Unter Abschnitt 3 wurde die These aufgestellt, daß sich die Reaktionen von Mitgliedern der Parteien anhand ihrer Gewichtung beim Zielkonflikt Wettbewerbs-/Ordnungspolitik und Industriepolitik gut einordnen lassen. Diese Gleichsetzung von Wettbewerbs- und der eigentlich strengeren Ordnungspolitik war dabei nur möglich, da die wettbewerbsrechtlichen Regelungen hinsichtlich der geplanten Fusion von DF1 und Premiere letztlich zu einem 'härteren' Urteil kommen konnte als die Prüfung nach den medienspezifischen Regelungen, die der Idee nach dem Verständnis der Medien als Kulturgut mit gesellschaftlicher Verantwortung Rechnung tragen sollen. Das Phänomen gibt es auch auf nationaler Ebene. Im Gegensatz zum Bundeskartellamt, das auch in neuen Märkten wie Pay-TV wettbewerbsrechtlich argumentieren kann, kann die KEK nach Maßgabe des Rundfunkstaatsvertrags nur den Zuschaueranteil nach dem Zuschaueranteilsmodell ermitteln (siehe auch Abbildung 5), bei dem nicht der Fernsehmarkt in Pay- und Free-TV unterteilt wird. Insofern spielt der gemessen an der Gesamtzuschaueranzahl zunächst geringe Anteil des Pay-TV Marktes eine untergeordnete Rolle. Das führt zu der paradoxen Situation, daß die Kommission - die ihrem Namen gemäß auf die Konzentration im Medienbereich achten soll und diese Aufgabe dem geschilderten Umstand verdankt, daß der sensibele Bereich der Medien strengere Strukturvoraussetzungen zu erfüllen hat als die für andere Märkte geltenden kartellrechtlichen Bestimmungen - gerade dort keine rechtlich ausreichende Handhabe besitzt, wo Zusammenarbeit von Konkurrenten stattfindet und wo die technischen Bedingungen für das zukünftige digitale Fernsehen wesentlich mitgestaltet werden. Auch hier geht die allgemeine Wettbewerbspolitik weiter als die medienspezifische Ordnungspolitik. Henle (in Landesmedienanstalten, 1995: 81) schlug beispielsweise im Zuge seiner Überlegungen zur Fortentwicklung der Rechtsgrundlagen für entgeltfinanzierte Programme und digitales Fernsehen eigene Marktanteilsgrenzen vor, da kartellrechtliche Regelungen als Strukturvoraussetzung für Meinungspluralismus nicht ausreichten (siehe auch S. 16f.). Da nun ausgerechnet das Bundeskartellamt für die Anteilsaufstockungen an Premiere "die Bremse zieht" (vgl. Tagesspiegel, 9.9.98: 17) könnte das im Umkehrschluß als ein Defizit medienspezifischer Strukturbestimmungen beim Pay-TV interpretiert werden.
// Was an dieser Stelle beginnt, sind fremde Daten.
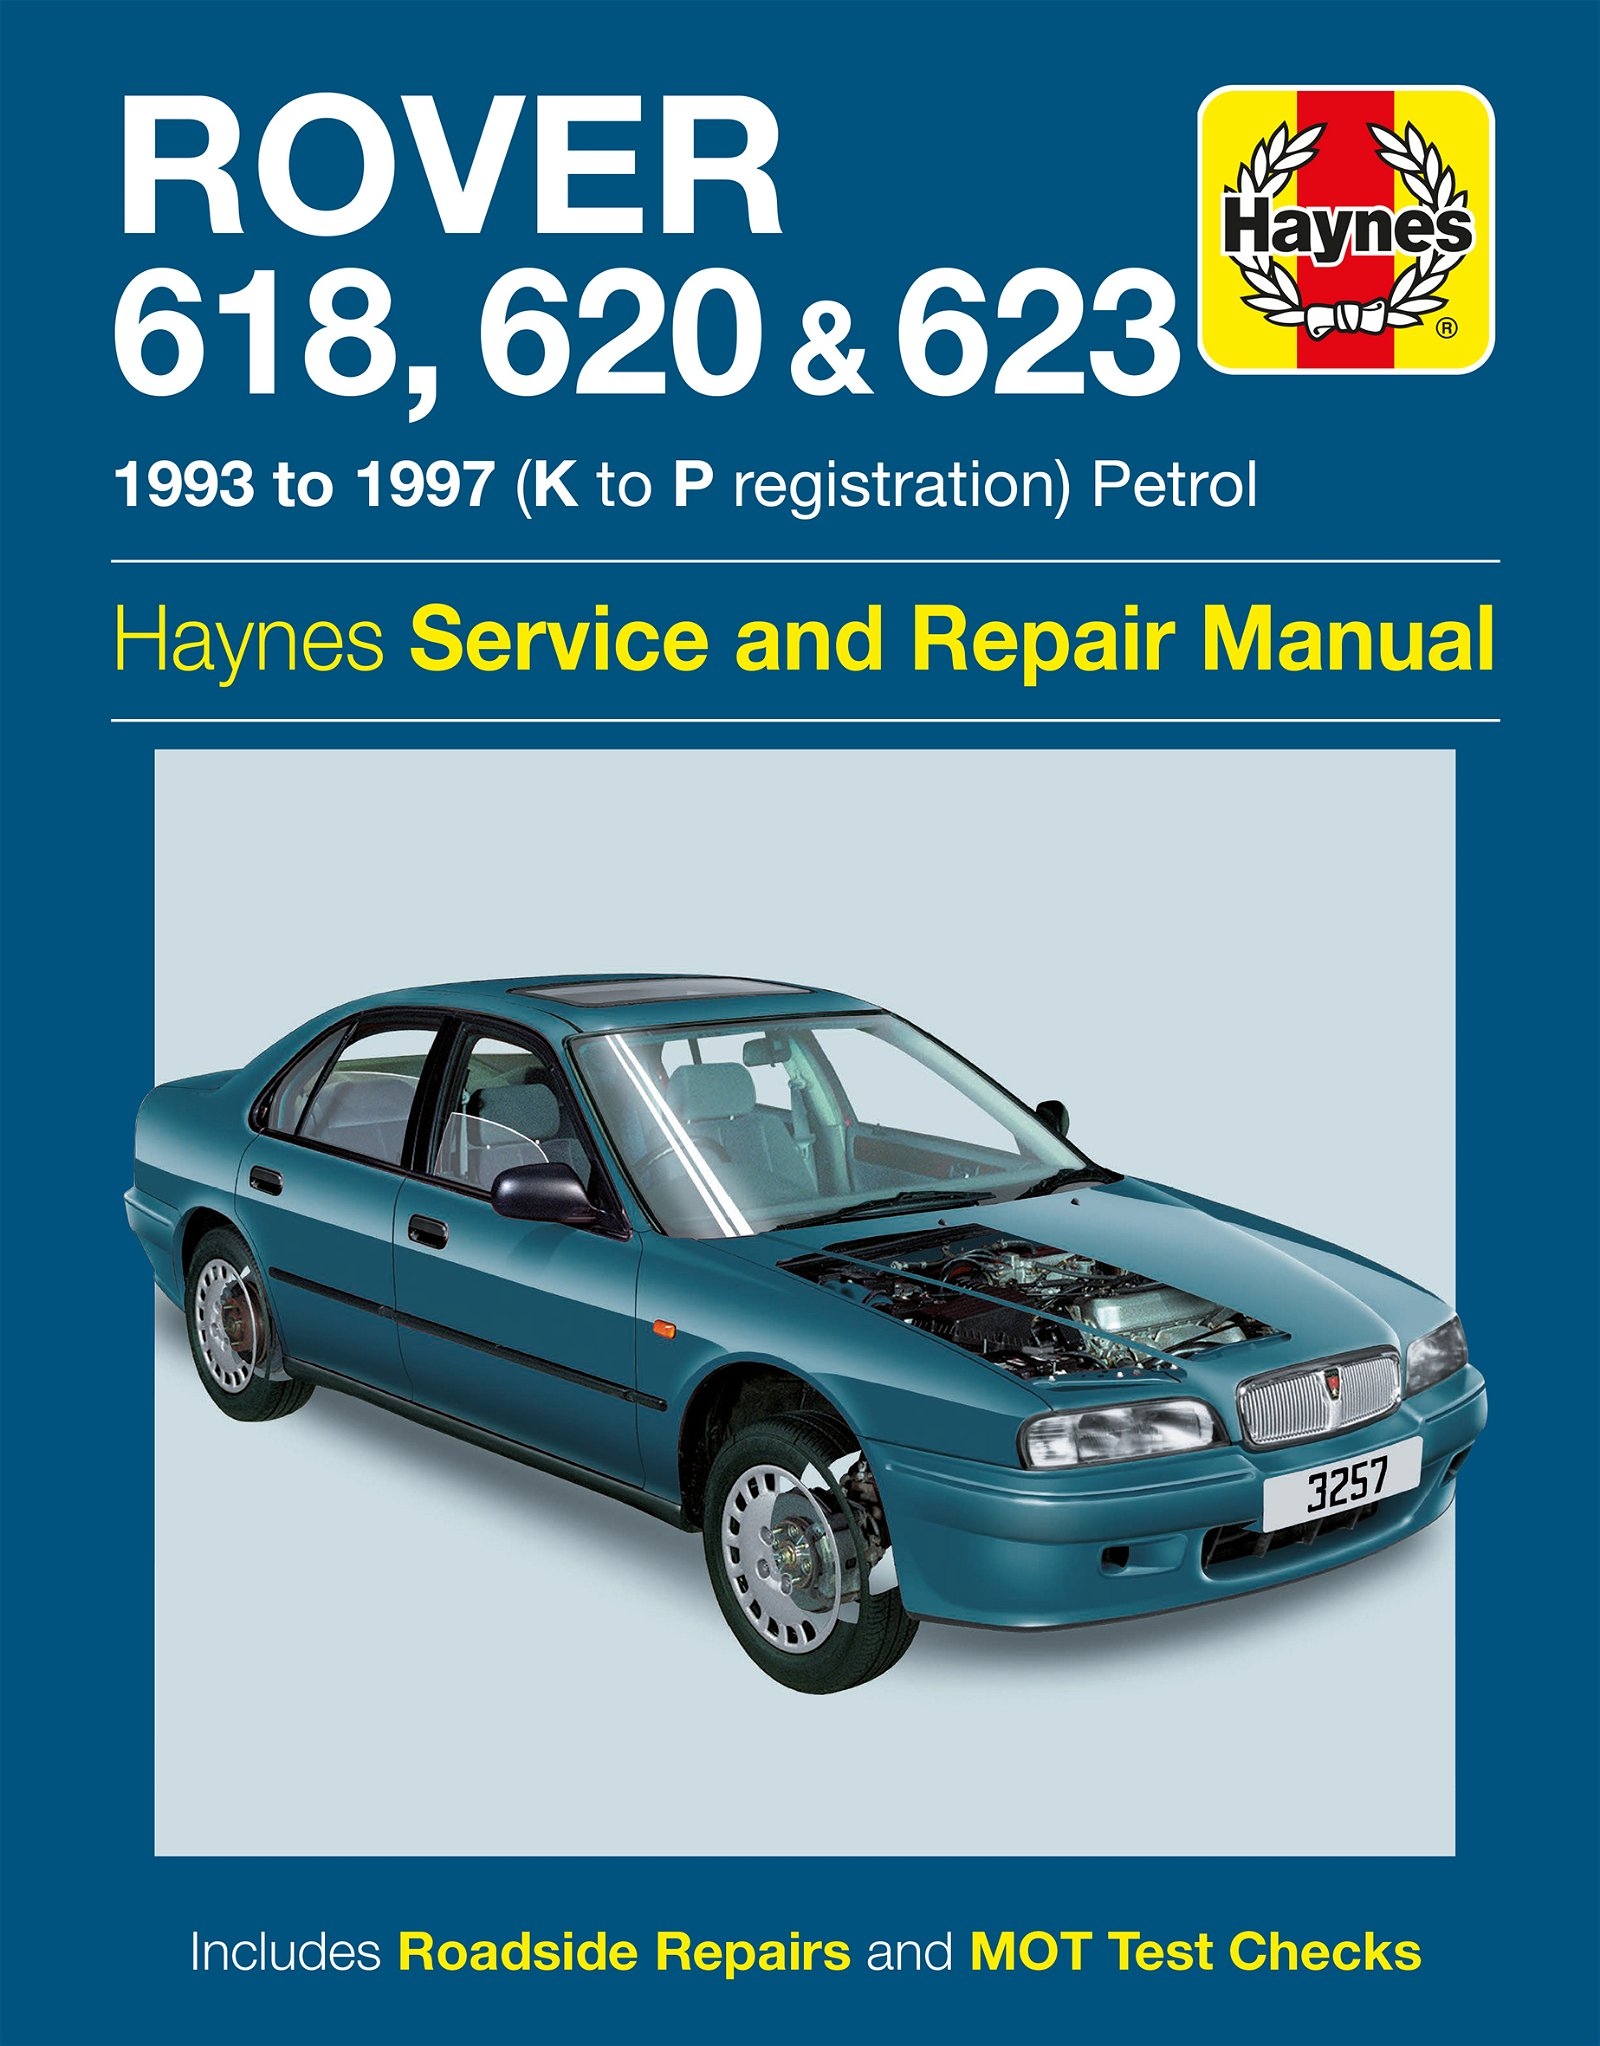 [Manuel UK en Anglais] Rover 618, 620 & 623 Petrol  (93 - 97)  K to P
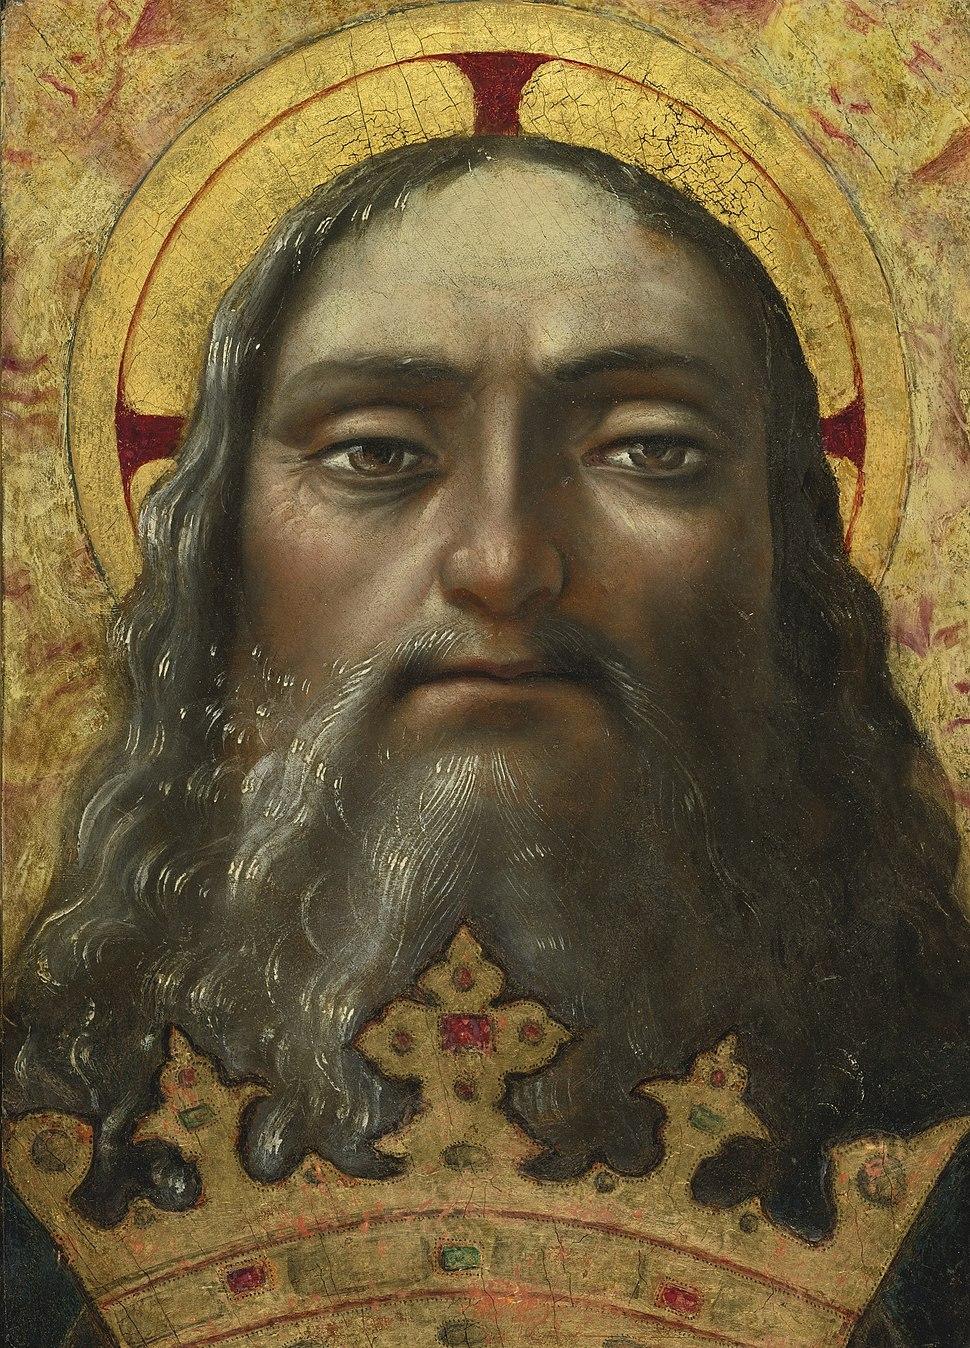 Central Italian School 16th century Head of God the Father

Abbildung 5: Vereinfachtes Schaubild der deutschen Medienakteursstruktur
Diese Verkehrung der Auswirkungen von Kartellrecht und Medienkonzentrationskontrolle überdeckt den eigentlichen Grundsatzstreit, der sich hinter der Debatte um die Allianz von Bertelsmann und Kirch verbirgt: ob es - auch vor dem Hintergrund der neuen technischen Möglichkeiten - weiterhin zu rechtfertigen ist, dem Rundfunk eine rechtliche Sonderstellung zuzugestehen, die sich mit seiner Funktion für die öffentliche Meinungsbildung begründet. "Die inhaltliche Funktion der Medien hat (..) nur noch instrumentelle Bedeutung insoweit, als sie Nachfrage nach neuen digitalen Hard- und Software-Angeboten schafft. Medienpolitik wird so zum Unterfall einer vor allem ökonomisch orientierten Innovationspolitik, ohne eigenständigen Stellenwert." (Stammler in epd-medien 62/1998, 3f.). Mit zunehmender Kompetenzverlagerung zur EU wird sich die Schwerpunktverlagerung vom Kultur- zum Wirtschaftsgut beschleunigen, da sie ihre Entscheidungen vornehmlich auf Grundlage der Bestimmungen zum freien Binnenmarkt fällt. Mit der Verlagerung des Wettbewerbs auf eine internationale Ebene wird zusätzlich der medienspezifische und ggf. aus ökonomischer Sicht einzwängende Ordnungsrahmen hinterfragt.